CARB releases 2011 LCFS review report

By Kris Bevill | December 22, 2011

The California Air Resources Board has completed the first required formal review of the state’s Low Carbon Fuel Standard, a regulatory program that requires stakeholders to reduce the carbon intensity (CI) of fuels sold within its borders each year until reaching a 10 percent reduction by 2020.

While the program came into effect in 2010, this was the first year fuel producers and importers had to show a reduction in CI in order to comply with the regulation. The reduction was modest—just .25 percent—and CARB concluded that there has been no change in the state’s air quality since the program was implemented. In the report, CARB staff stressed that the program is “still in its infancy” and that the agency expects noticeable changes in future years. “…as the LCFS annual CI standards get more stringent, additional fuels will undergo the multimedia process, and investment will begin to flow more freely to ultra-low carbon fuel producers, so there will be impacts associated with the LCFS program - potentially positive or negative,” CARB said in the report. “Ongoing monitoring and assessment of emission impacts, as well as promotion of sustainability principles for air quality and other environmental concerns is necessary to protect against unintended negative outcomes.”
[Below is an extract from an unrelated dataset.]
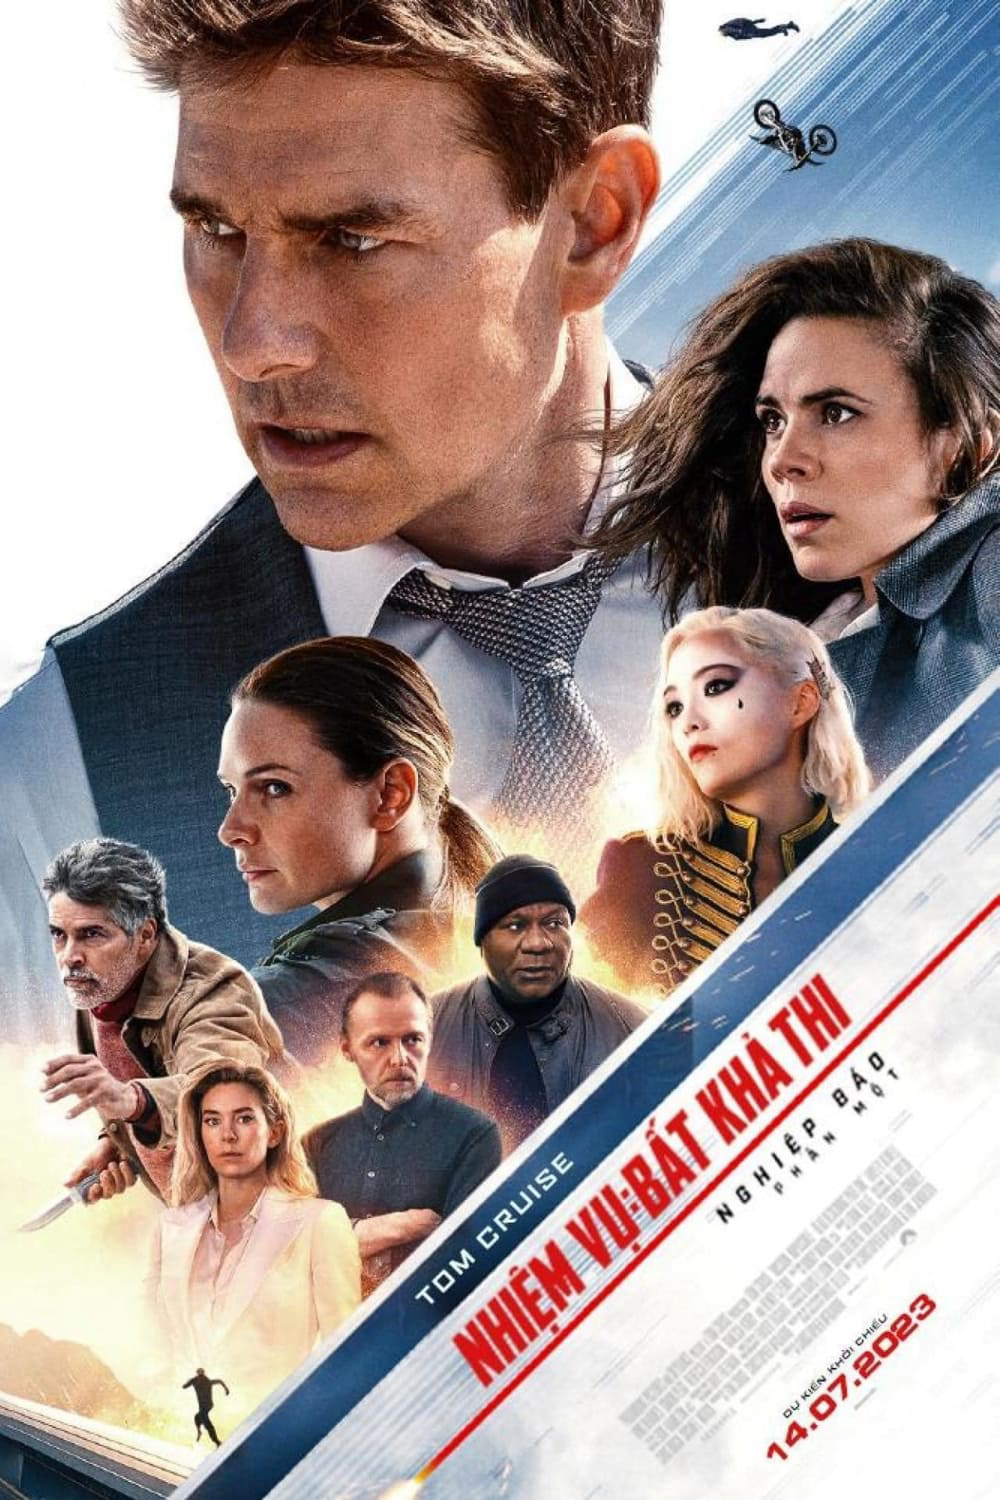 Poster Phim Nhiệm Vụ Bất Khả Thi 7 - Nghiệp Báo Phần 1 (Mission: Impossible - Dead Reckoning Part One)

CARB does not intend to make any immediate changes to the policy, according to the report, which means that obligated parties will need to show a .5 percent reduction in the CI of their fuels in 2012. From there, the CI reduction requirements continue to increase by .5 percent annually until maxing out at 10 percent in 2020. To complete the review of the LCFS, CARB employed the assistance of a 39-member advisory panel consisting of state agency representatives, fuel providers, station owners, engine manufacturers and others. Many expressed concern that program compliance will become extremely difficult by 2014 if next-generation biofuels are not readily available. Because of this, panel members recommended the creation of a flexible compliance mechanism, but CARB declared in its final report that it will not evaluate an alternative compliance plan at this time and will instead reconsider the option at a later date.
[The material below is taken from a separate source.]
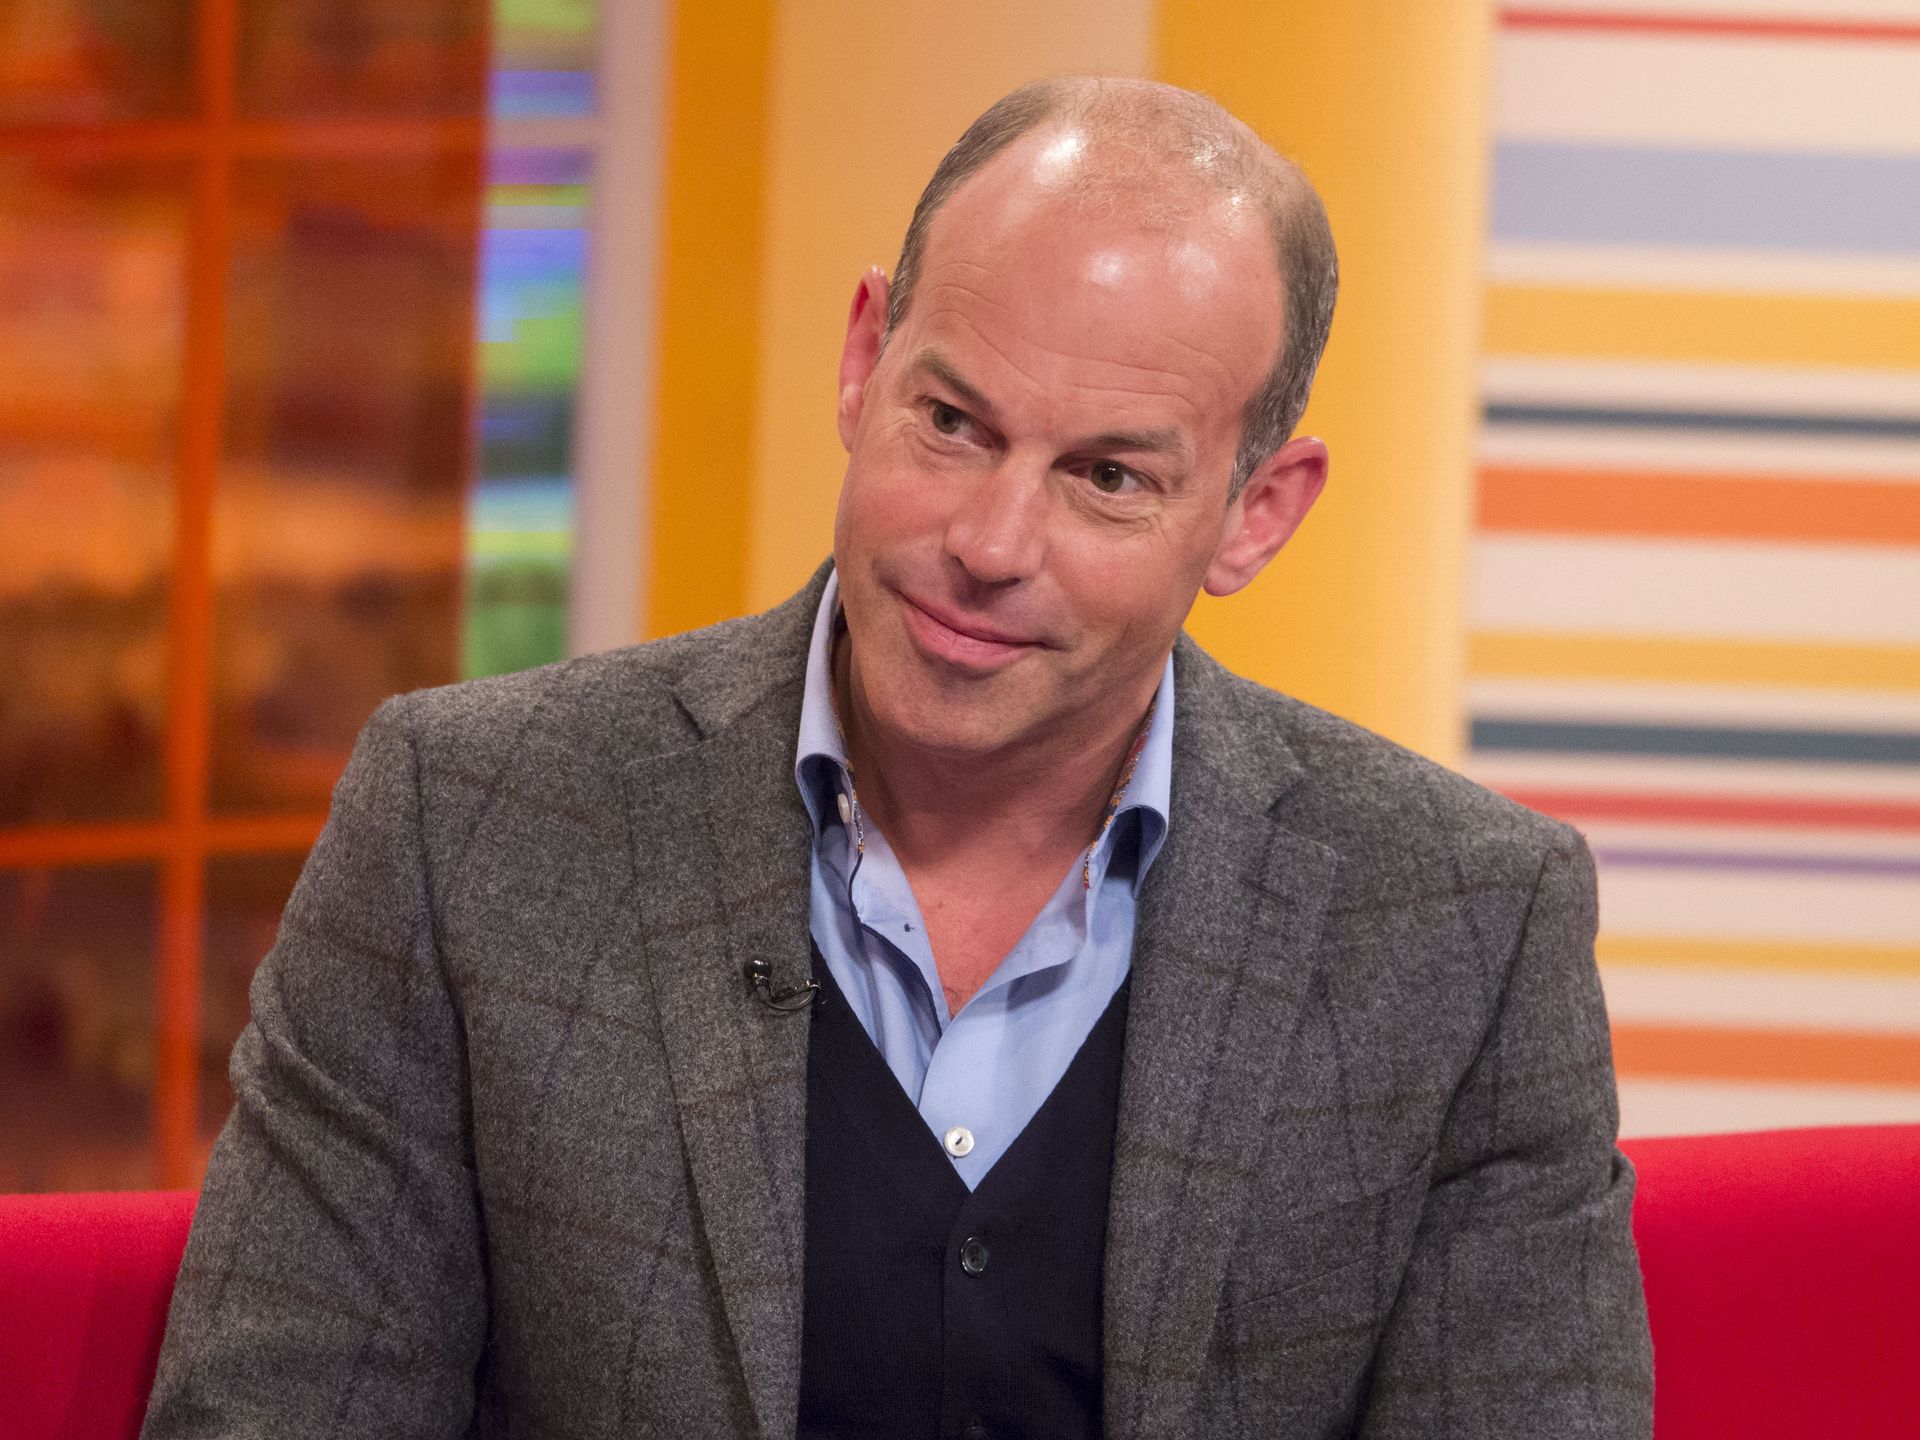 Phil Spencer says brother tried to save parents by cutting their seatbelts  with a penknife after river crash

 “Anybody who has crunched the numbers would agree that unless something changes, by 2014 it’s going to be very difficult for regulated parties to comply,” said Geoff Cooper, CARB advisory panel member and vice president of research and analysis for the Renewable Fuels Association. “What happens when fuels that regulated parties need aren’t available? CARB needs to think about that scenario and figure out ways to comply.”
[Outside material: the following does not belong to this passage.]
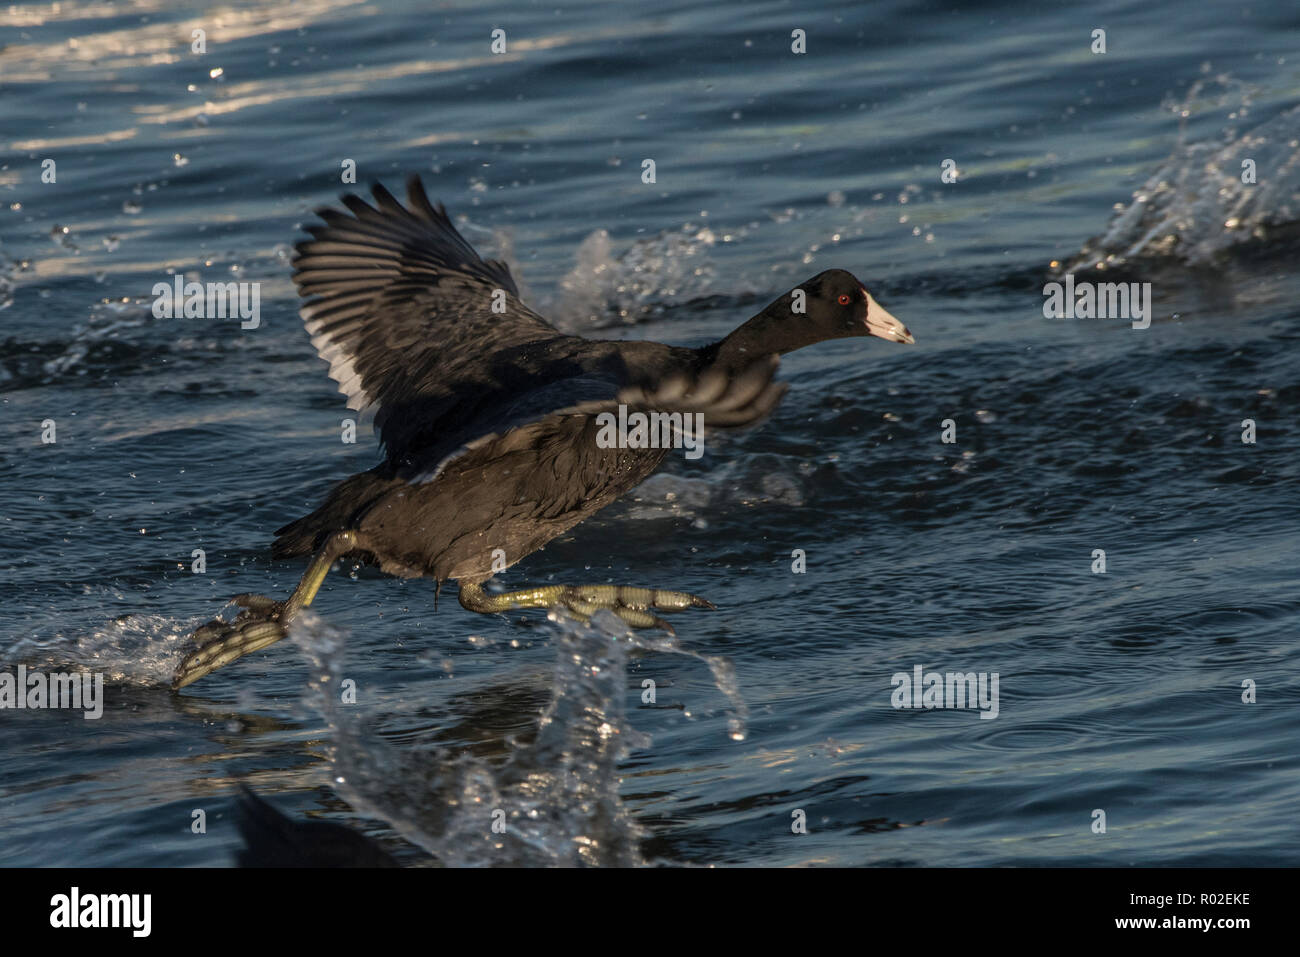 An American coot (Fulica americana) running on water to gain the momentum to take flight after a passing boat startled it. Stock Photo

At issue for Midwest ethanol producers in particular is the inclusion of indirect land use change (ILUC) in the methodology used by CARB to calculate a fuel’s CI. In the report, CARB said that while the inclusion of ILUC in its model could make it more difficult to harmonize the LCFS with other regional emissions programs that do not require ILUC calculations, it does not plan to alter its program at this time. It will also not consider any changes to the CI values on a set schedule, but rather will evaluate new information as it becomes available. “The model used by CARB to calculate indirect land use effect, GTAP, or Global Trade Analysis Project, has been under review and staff has been moving forward using a combination of recommendations from the various parties tasked with reviewing the model,” CARB said in the report.

Cooper, however, expressed skepticism that updates to the model would be made in a timely fashion. He noted that the creators of the GTAP model updated it earlier this year after determining that ethanol’s CI should be 14 as opposed to 30, but CARB has yet to implement those changes. If CARB fails to recognize the updated analyses, Cooper said it will become very difficult for Midwest ethanol producers to market their product in California. “It won’t be a viable compliance option unless something changes,” he said.

CARB is not required to complete another formal LCFS review until January 2015. In the meantime, the agency said it will continue to engage panel members and stakeholders to monitor the progress of the program.